DIRECTIONS: From first line to last, transcribe the listing exactly and skip any image.

SOURCE MATERIAL:
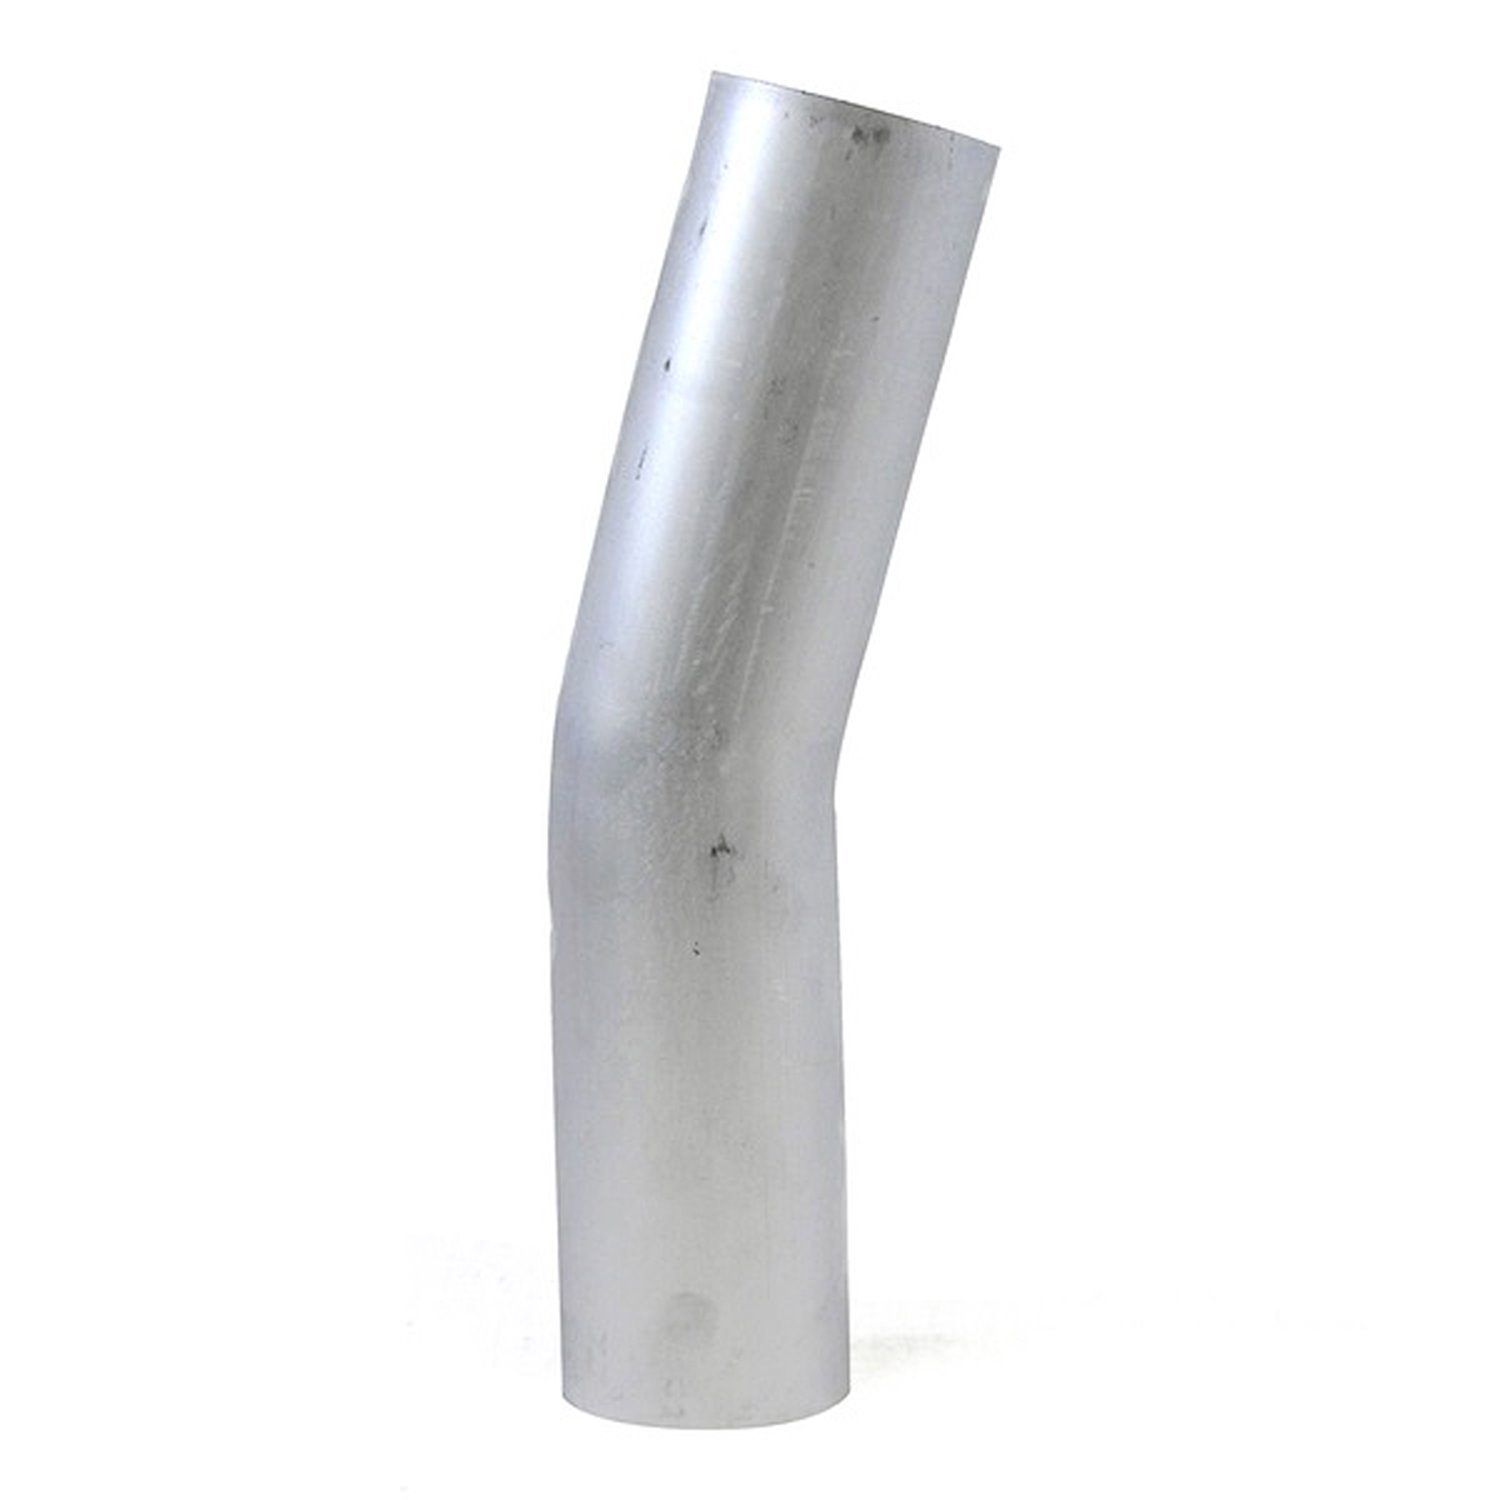 AT15-250-CLR-25 Aluminum Elbow Tube, 6061 Aluminum, 15-Degree Bend Elbow Tubing, 2-1/2 in. OD, Tight Radius, 2-1/2 in. CLR
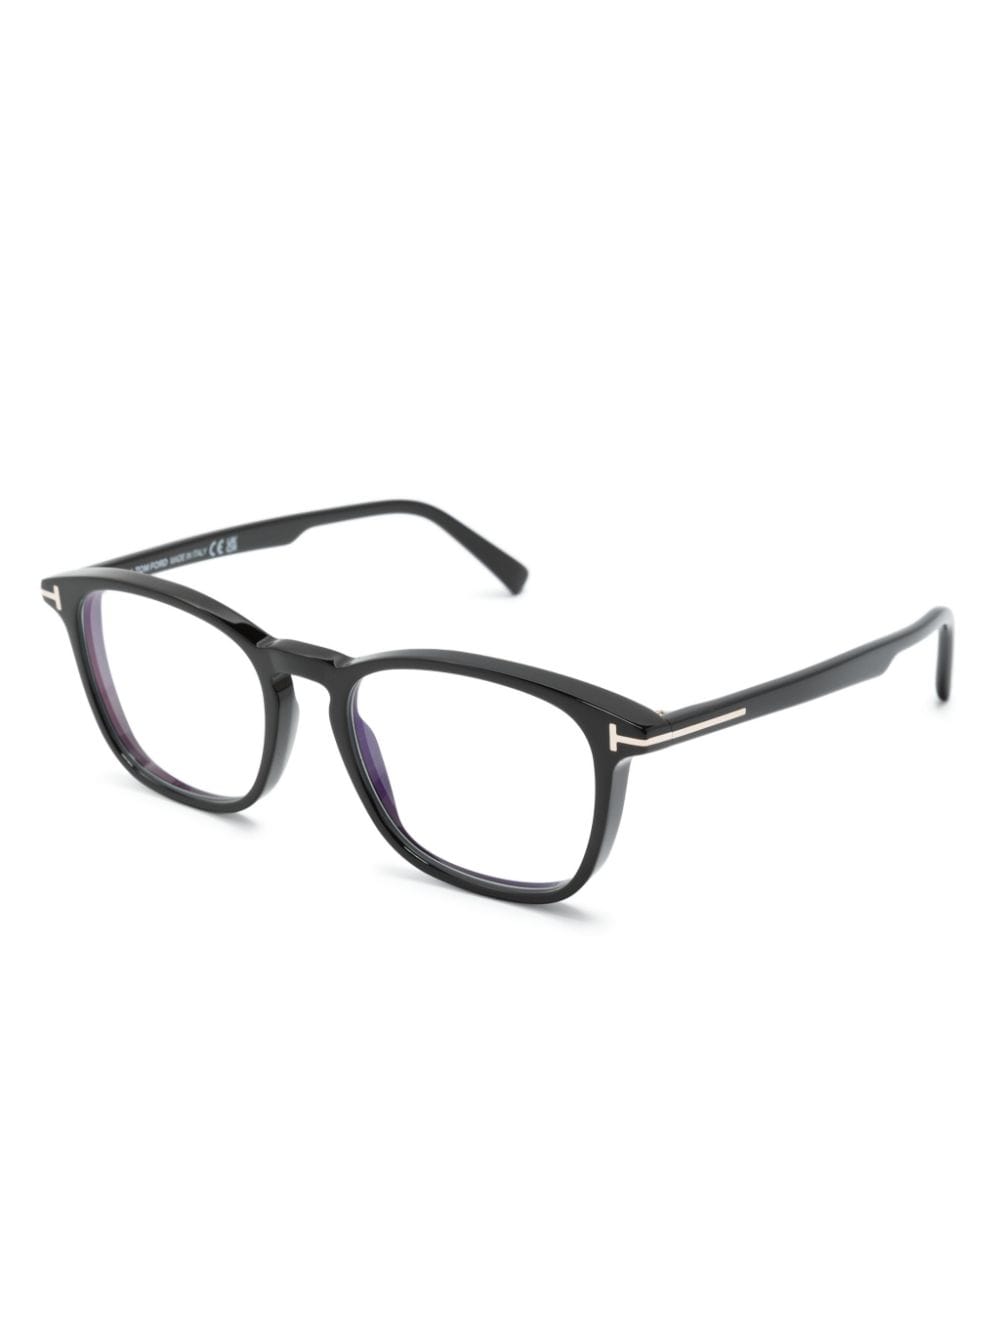 TOM FORD Eyewear light-filtering round-frame glasses - Zwart
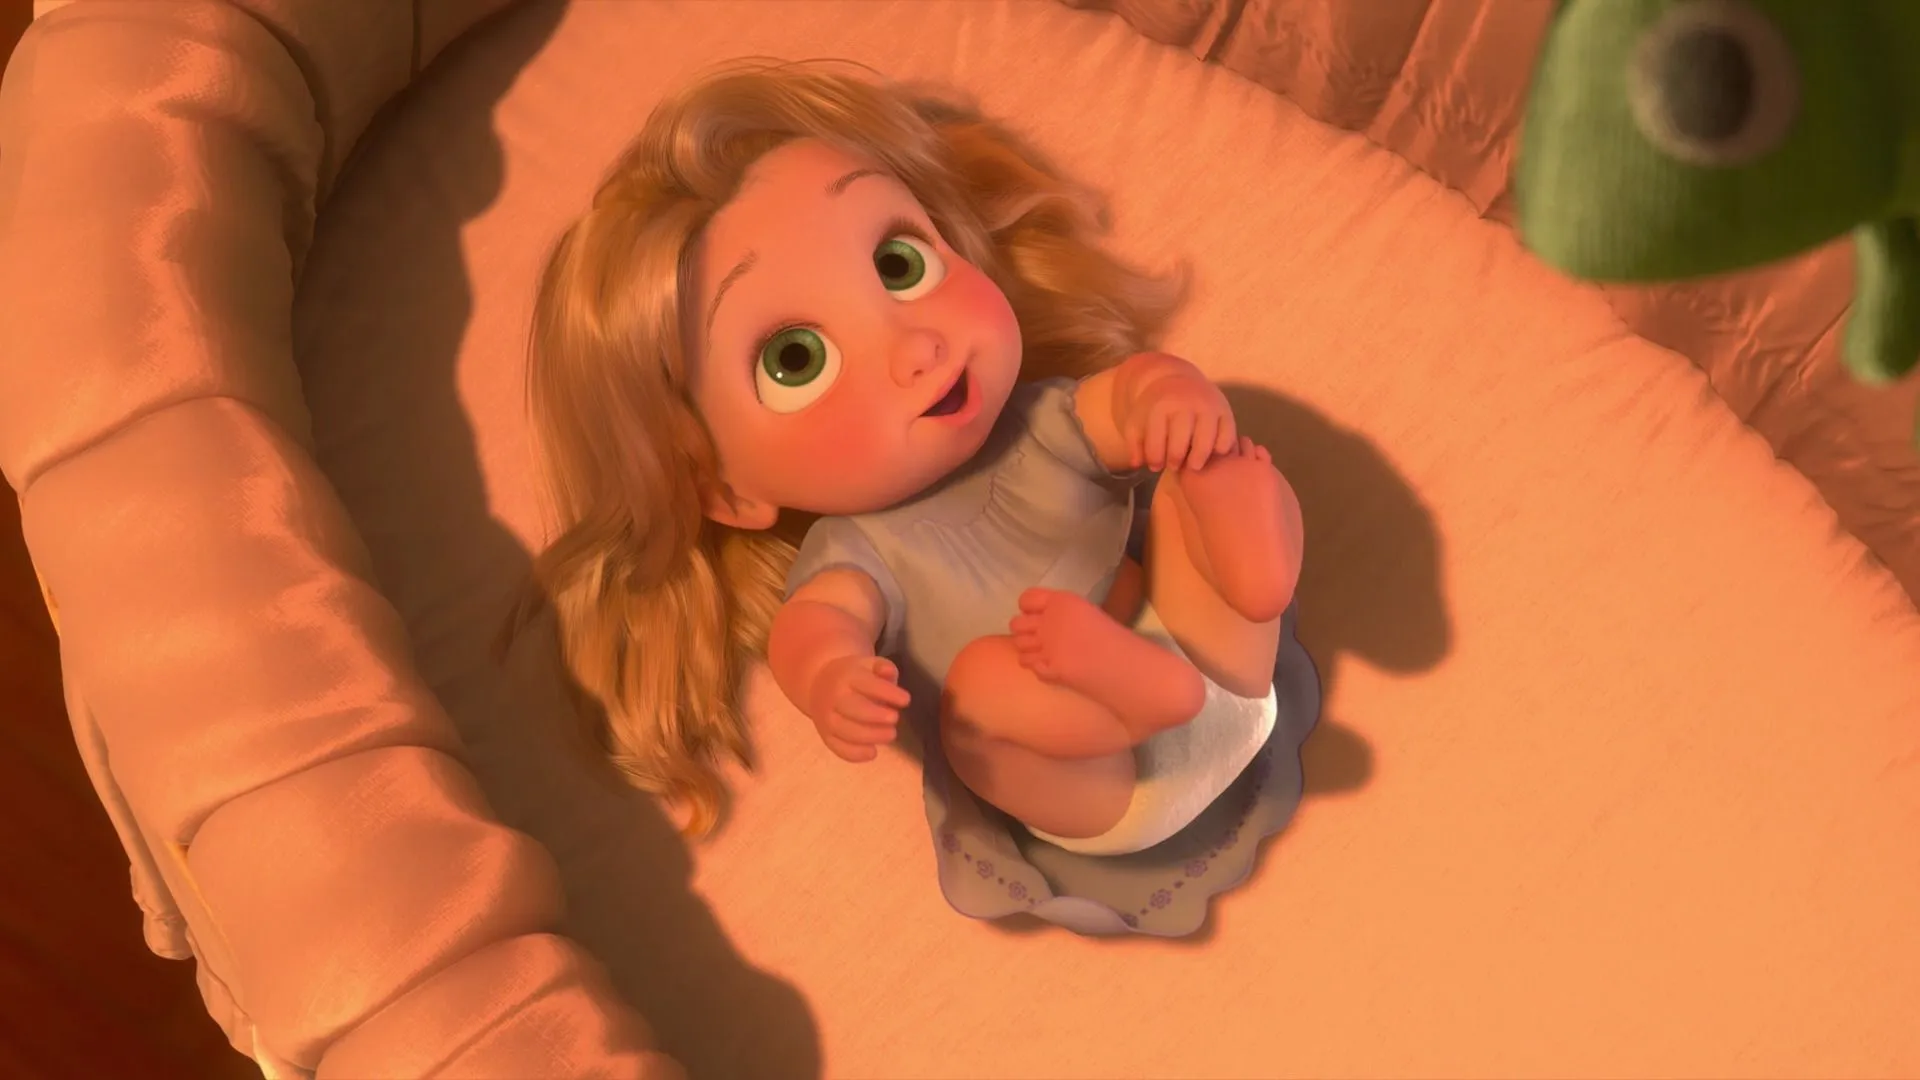 Image - Tangled baby Rapunzel.jpg - DisneyWiki

REPLY:
 AT15-250-CLR-25 Aluminum Elbow Tube, 6061 Aluminum, 15-Degree Bend Elbow Tubing, 2-1/2 in. OD, Tight Radius, 2-1/2 in. CLR
 TOM FORD Eyewear light-filtering round-frame glasses - Zwart
 Image - Tangled baby Rapunzel.jpg - DisneyWiki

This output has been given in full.